Liban : la colère de retour dans les rues

13 Mai 2020

Fin avril, le Liban a vu une résurgence des protestations contre le pouvoir. Le confinement a amplifié les effets de la crise économique qui s’aggrave depuis l’été 2019.

Le pays croule sous une dette de 92 milliards de dollars, soit 170 % du PIB, dont les principaux bénéficiaires ont été les clans politiques qui ont pillé les caisses de l’État depuis la fin de la guerre civile (1975-1990) ainsi que les banques prêteuses qui bénéficiaient de taux d’intérêt très avantageux.

Le montant de la dette augmentant, conjugué à la pénurie de dollars entraînée par la crise économique mondiale, les gouvernements ont enchaîné en 2019 des mesures d’austérité qui ont fini par déclencher une vague de protestations. Certaines de ces mesures ont ensuite été annulées, et le gouvernement de Saad Hariri a dû démissionner. Mais la situation a continué à s’aggraver avec une forte dépréciation de la livre libanaise face au dollar et une inflation galopante conduisant à la baisse du pouvoir d’achat de près de 60 % en un an et à la faillite de nombre de petites entreprises. Le chômage a explosé. Le taux de personnes vivant sous le seuil de pauvreté dépasse désormais 50 % de la population.

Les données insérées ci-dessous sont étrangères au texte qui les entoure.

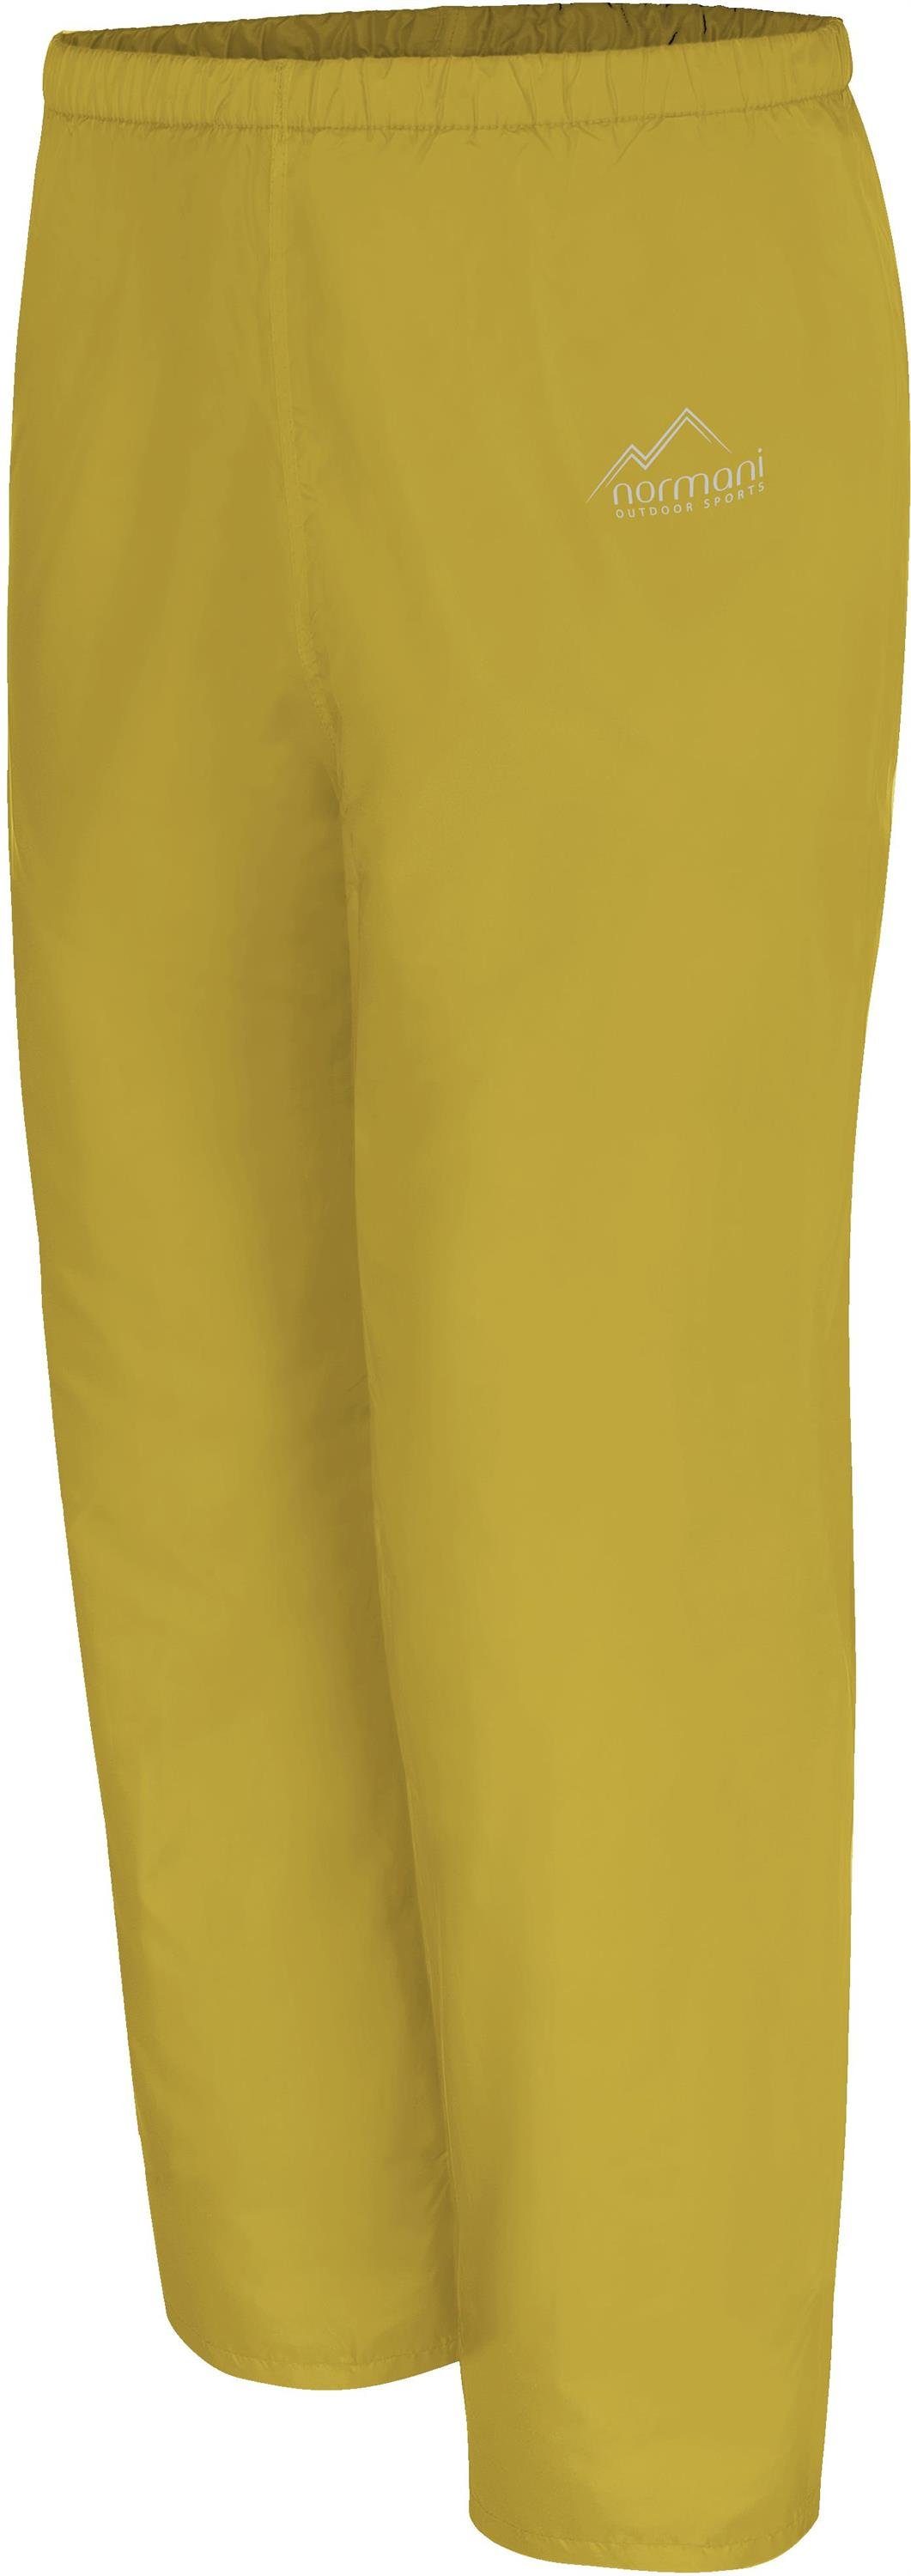 Kinder normani Übergangshose Regenhose Kinderhose mit und Matschhose Regenhose Wasserdichte Fleecefutter Gelb für Mädchen Junge

Le confinement débuté en mars n’a fait qu’aggraver la situation. Les protestations ont repris, notamment à Tripoli, foyer de la contestation depuis plusieurs mois et l’une des régions les plus pauvres du pays, où la main-d’œuvre est très précaire. Aux cris de « On a faim ! », les manifestants se sont attaqués aux banques et se sont rassemblés autour des résidences des personnalités les plus riches de la ville. L’armée leur a fait face en déployant ses blindés et en tirant, faisant un mort le 27 avril parmi les manifestants.

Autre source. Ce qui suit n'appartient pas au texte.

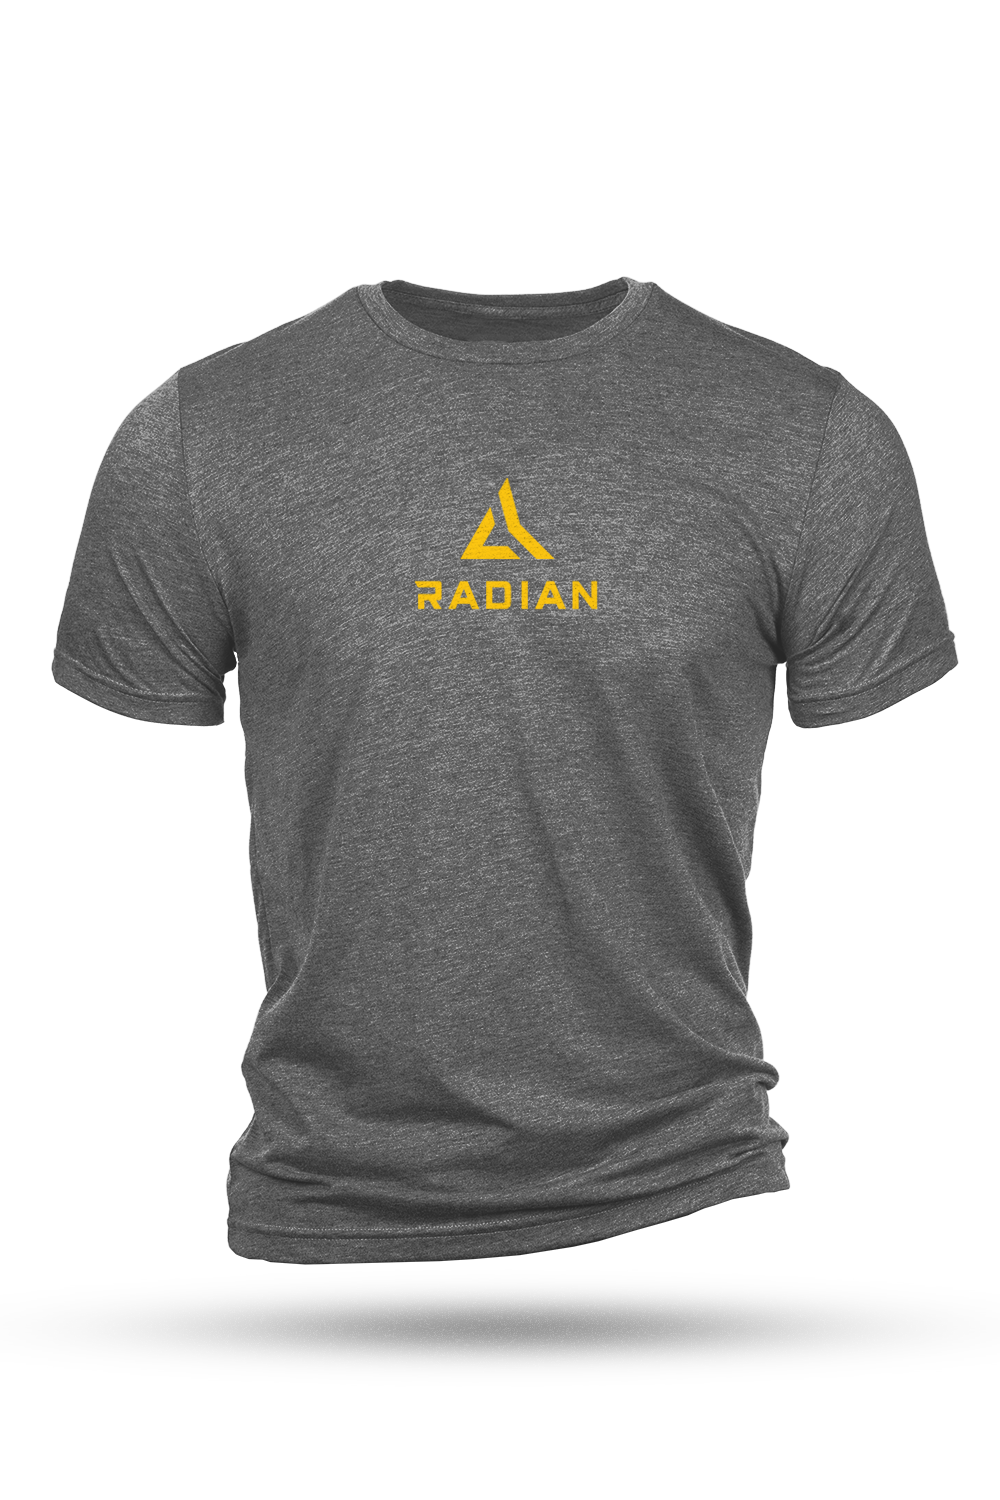 Radian Stacked Logo Tee Shirt

Le 30 avril, le gouvernement Hassan Diab a annoncé une série de mesures d’austérité destinées à obtenir le soutien financier du FMI pour faire face à son incapacité de payement. Le texte comporte des hausses d’impôts et des suppressions d’emplois dans le secteur public. L’électricité devrait augmenter et il est question d’une baisse des subventions.

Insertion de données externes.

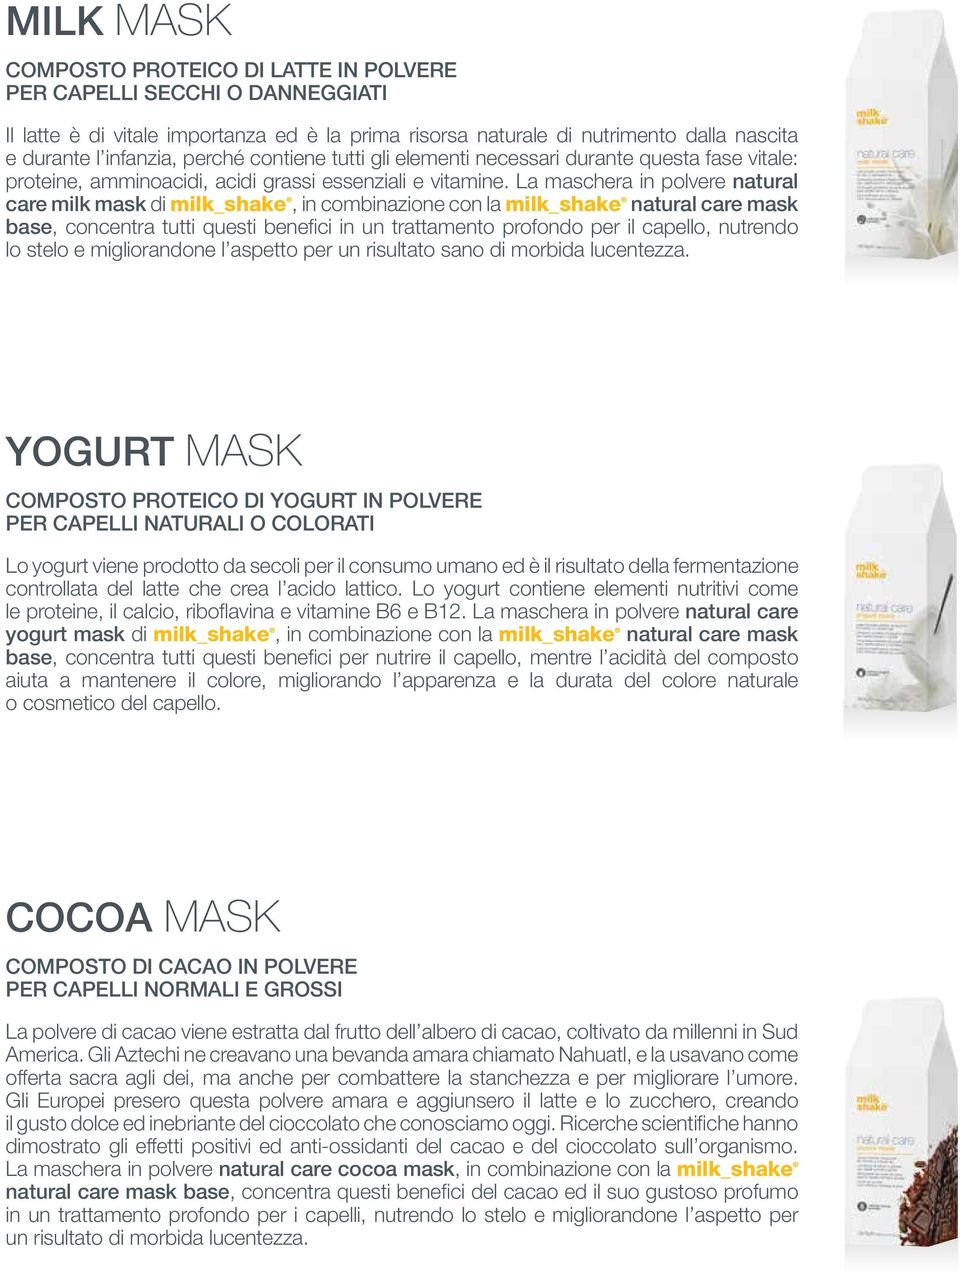 La maschera in polvere natural care milk mask di milk_shake, in combinazione con la milk_shake natural care mask base, concentra tutti questi benefici in un trattamento profondo per il capello,

Espérant calmer la protestation, le plan promettait vaguement de « récupérer l’argent volé » comme le réclamaient les manifestants depuis des mois. Mais personne ne croit à la volonté d’un gouvernement issu de la classe politique qui a volé le pays depuis des décennies d’appliquer une telle mesure ni de lutter contre la corruption des « élites ».

En réalité, ce plan, mis en place pour répondre aux exigences du FMI, ne fera qu’aggraver la situation pour les pauvres déjà frappés de plein fouet par la hausse vertigineuse des prix alimentaires et par l’extension du Covid-19. C’est la même logique que celle des gouvernements précédents. La seule façon d’y faire face reste la force collective, comme la population a pu déjà le vérifier.